** EXERCISE DATA follows **
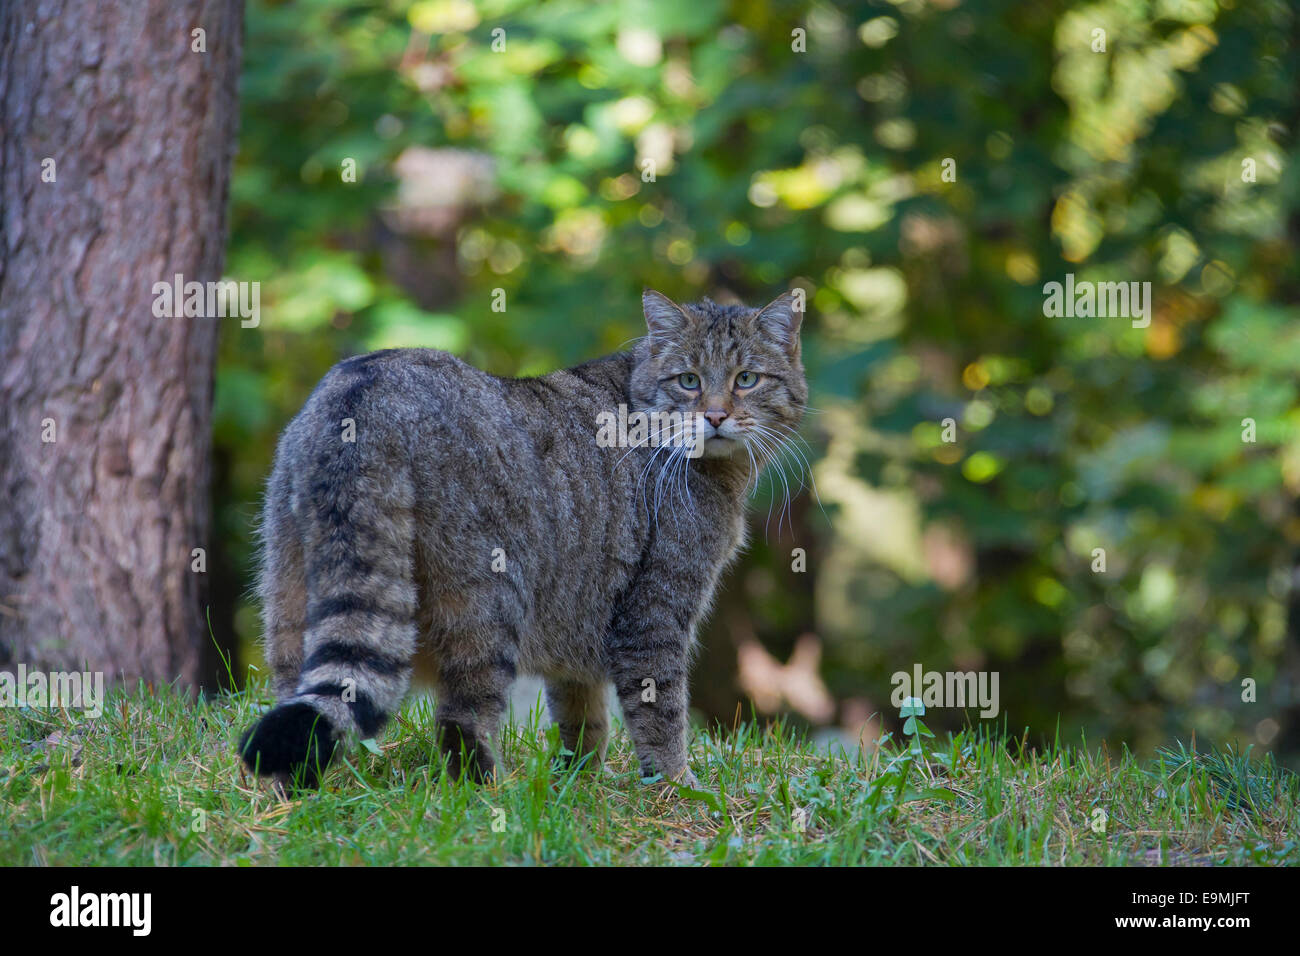 European Wild Cat (Felis silvestris). Adult standing in a forest Germany Stock Photo
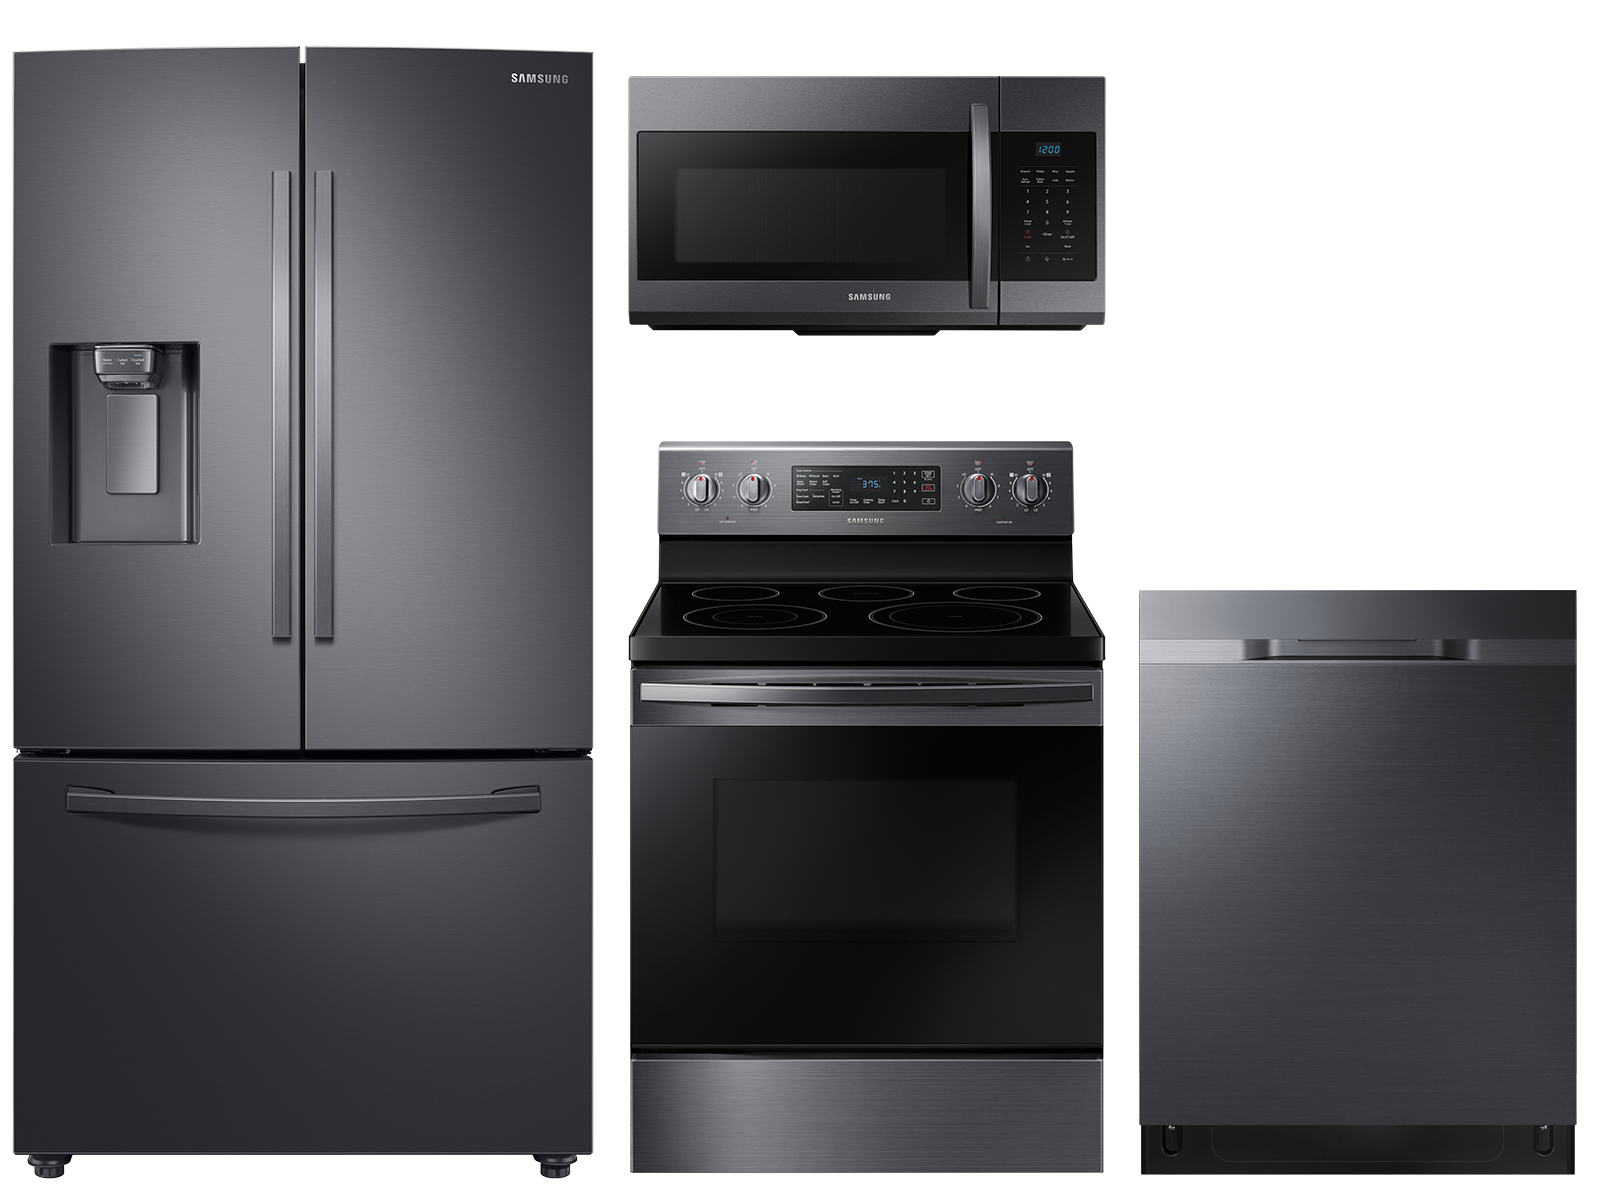 Large Capacity 3-door Refrigerator + Electric Range with Convection + StormWash™ Dishwasher + Microwave in Black Stainless
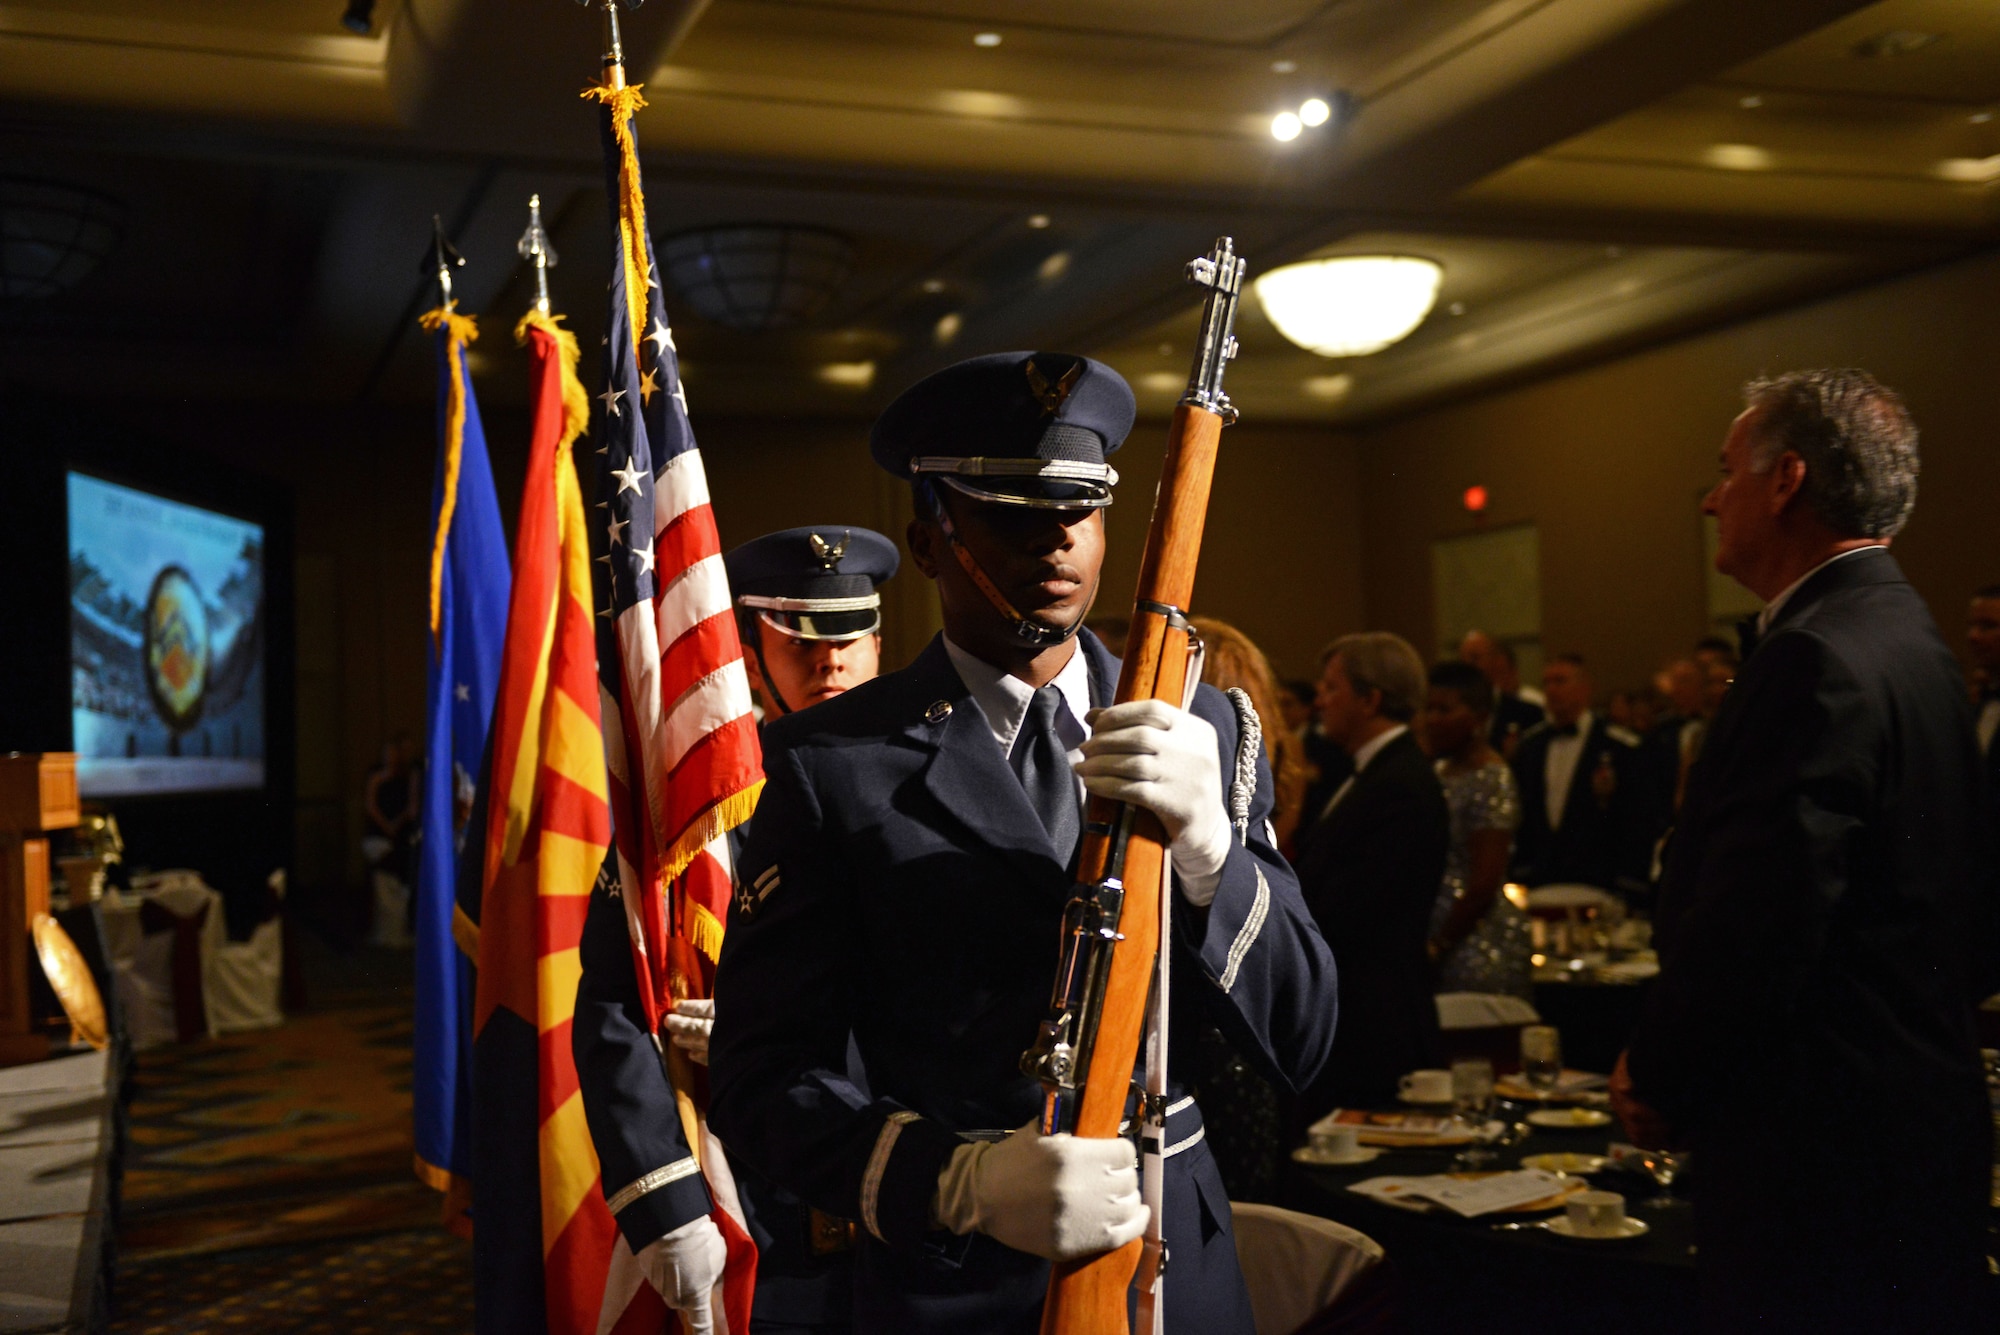 The Luke Air Force Base Color Guard present the colors at the 2017 Annual Awards Banquet in Litchfield Park, Ariz., Jan. 20, 2018. The 2017 Annual Awards Banquet was held to recognize and award the best and brightest Airmen from Luke. (U.S. Air Force Photo/Airman 1st Class Alexander Cook)
** End of EXERCISE DATA **
Please output the listing above in full, exactly as given, without its images.

(WRITTEN RESPONSE):
 European Wild Cat (Felis silvestris). Adult standing in a forest Germany Stock Photo
 Large Capacity 3-door Refrigerator + Electric Range with Convection + StormWash™ Dishwasher + Microwave in Black Stainless
 The Luke Air Force Base Color Guard present the colors at the 2017 Annual Awards Banquet in Litchfield Park, Ariz., Jan. 20, 2018. The 2017 Annual Awards Banquet was held to recognize and award the best and brightest Airmen from Luke. (U.S. Air Force Photo/Airman 1st Class Alexander Cook)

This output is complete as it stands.